No worries. Did you add a print after each line of code I suggested before, and what is the log you see?

suvi-coder commented 3 years ago

it shows tthe below error at line 133 quip_cnn_segmentation-master\training-data-synthesis\nuclei_synthesis_40X_online\image_synthesize.py", line 133 print(im_add,det_add,con_add) ^ TabError: inconsistent use of tabs and spaces in indentation

scotthoule commented 3 years ago

Hi suvi-coder,

I used spaces for python indentation. Make sure you also use spaces, not tabs, before print.

jingzi97 commented 3 years ago

Hi scotthoule, I also encountered the same problem as the friend above ,run python draw_fake.py 0 1 and nothing else.I found draw_fake.py 15line get_new_fake_image() can't pass data to the previous variable .I want to confirm one thing ,whether only need to put real pathological images in the training-data-synthesis/nuclei_synthesis_40X_online/real_tiles folder .I'm so sorry to interrupt ,I really tried for a long time without finding the reason ,Hope to hear from you !

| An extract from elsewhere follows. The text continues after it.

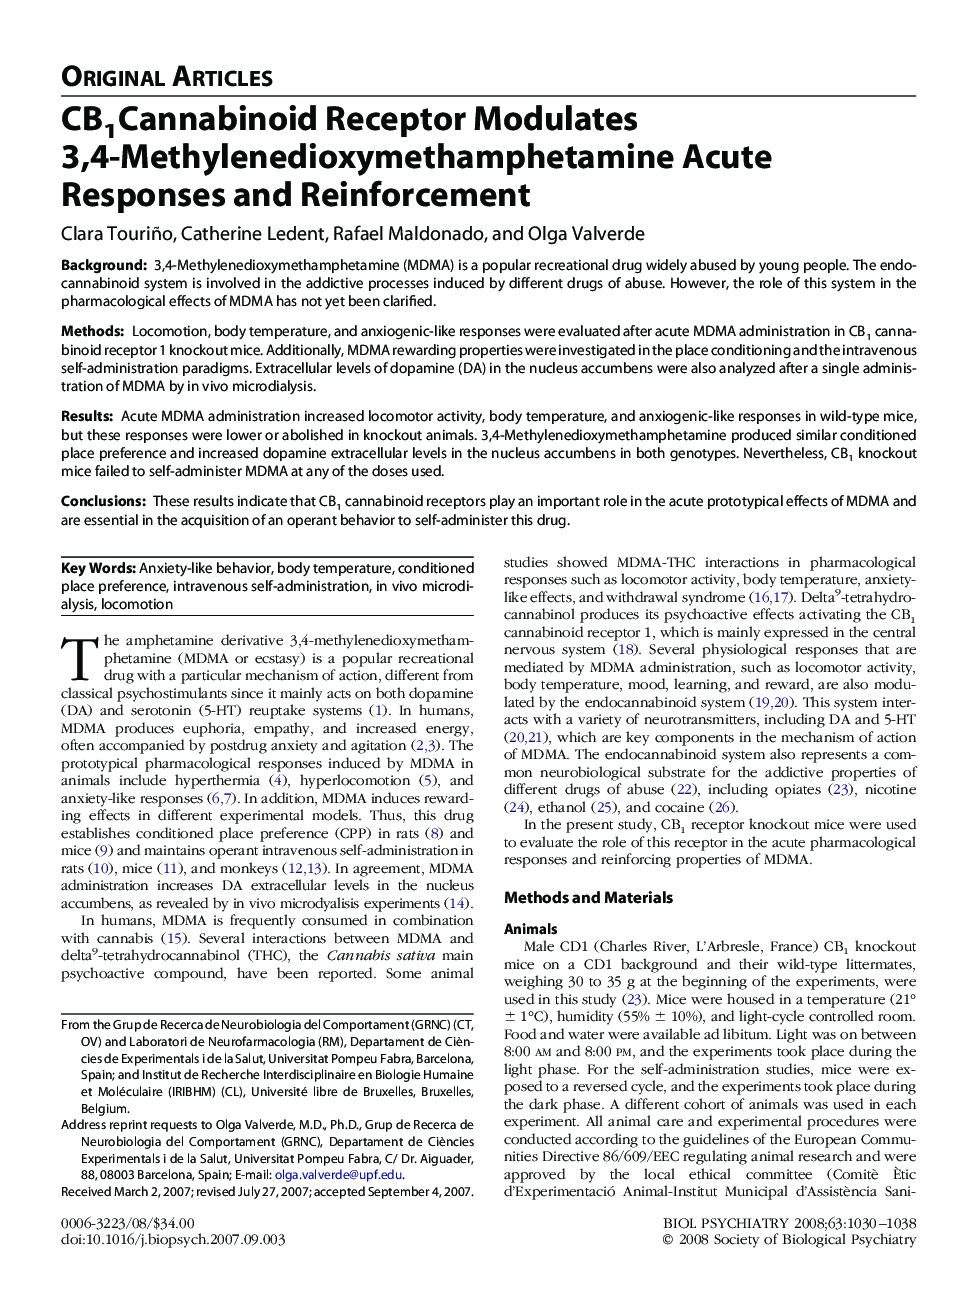 CB1Cannabinoid Receptor Modulates 3,4-Methylenedioxymethamphetamine Acute Responses and Reinforcement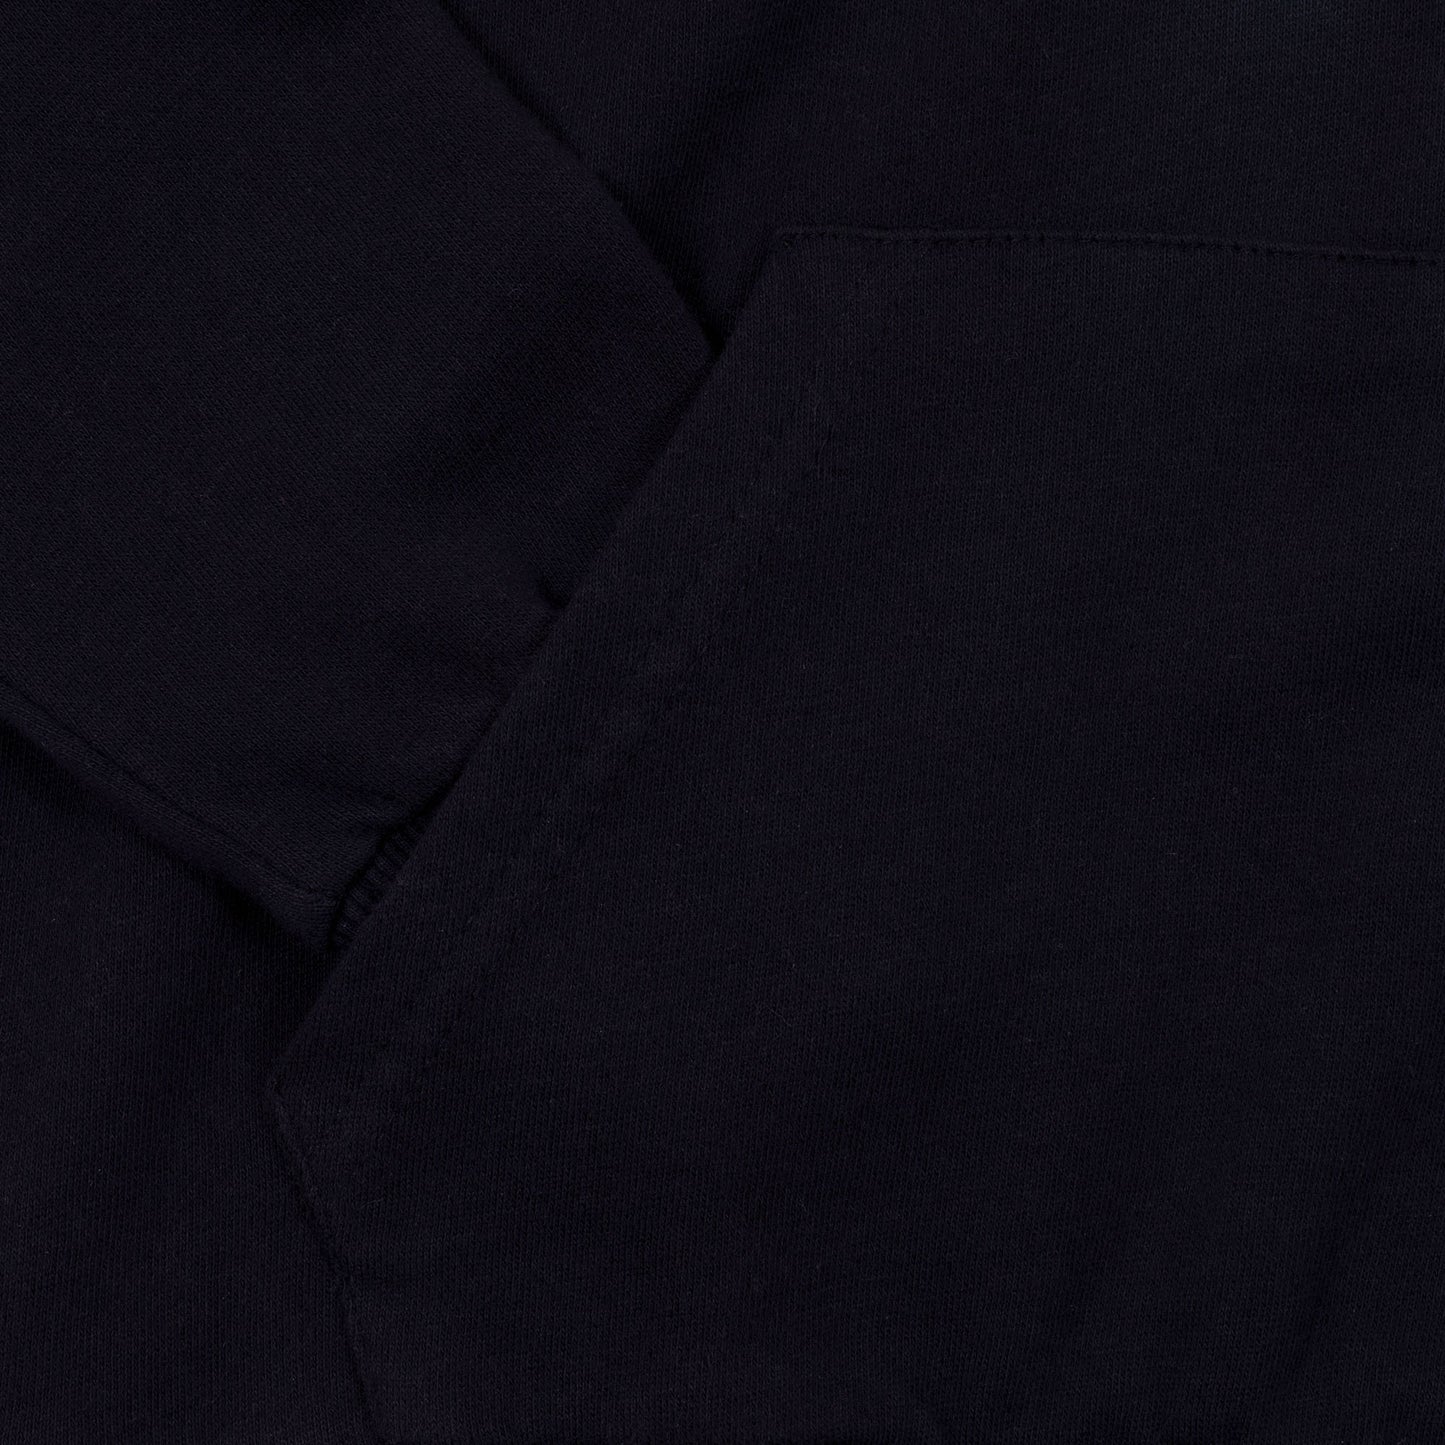 Paw Print Black & White Tie-Dye Hooded Sweatshirt

jingzi97 commented 3 years ago

mask2image_otsu.py/def draw_random_texture_try/hed_mean is always around -0.5 +,can't break out of this loop if hed_mean < -1.33 or hed_mean > -1.1: return False, False, False, False, False, False, False, False, False;

scotthoule commented 3 years ago

Hi jingzi97,

Thanks for reaching out! Based on your comment, the color of your real images is a bit unexpected. Can you enlarge the range of [-1.33, -1.1] maybe to [-10.0, 0.0] and try again? If you run into other problems or the synthetic images look weird, let me know.

Thx

jingzi97 commented 3 years ago

Hi scotthoule, i have found the reason why draw_fake.py can't run , because make2image_otsu.py/def sampe_xy_fxfy return need add Spaces. I have another question to consult ,the data pixel I found is 460×700 ,so ,the code where i need to modify. I really appreciate your help.

jingzi97 commented 3 years ago

Hi scotthoule, I have put 1000×1000 images in real_tiles folder,but always output the following error : only integers, slices (:), ellipsis (...), numpy.newaxis (None) and integer or boolean arrays are valid indices

scotthoule commented 3 years ago

Hi,

Sorry for the bug. Which line of code were you getting the error from?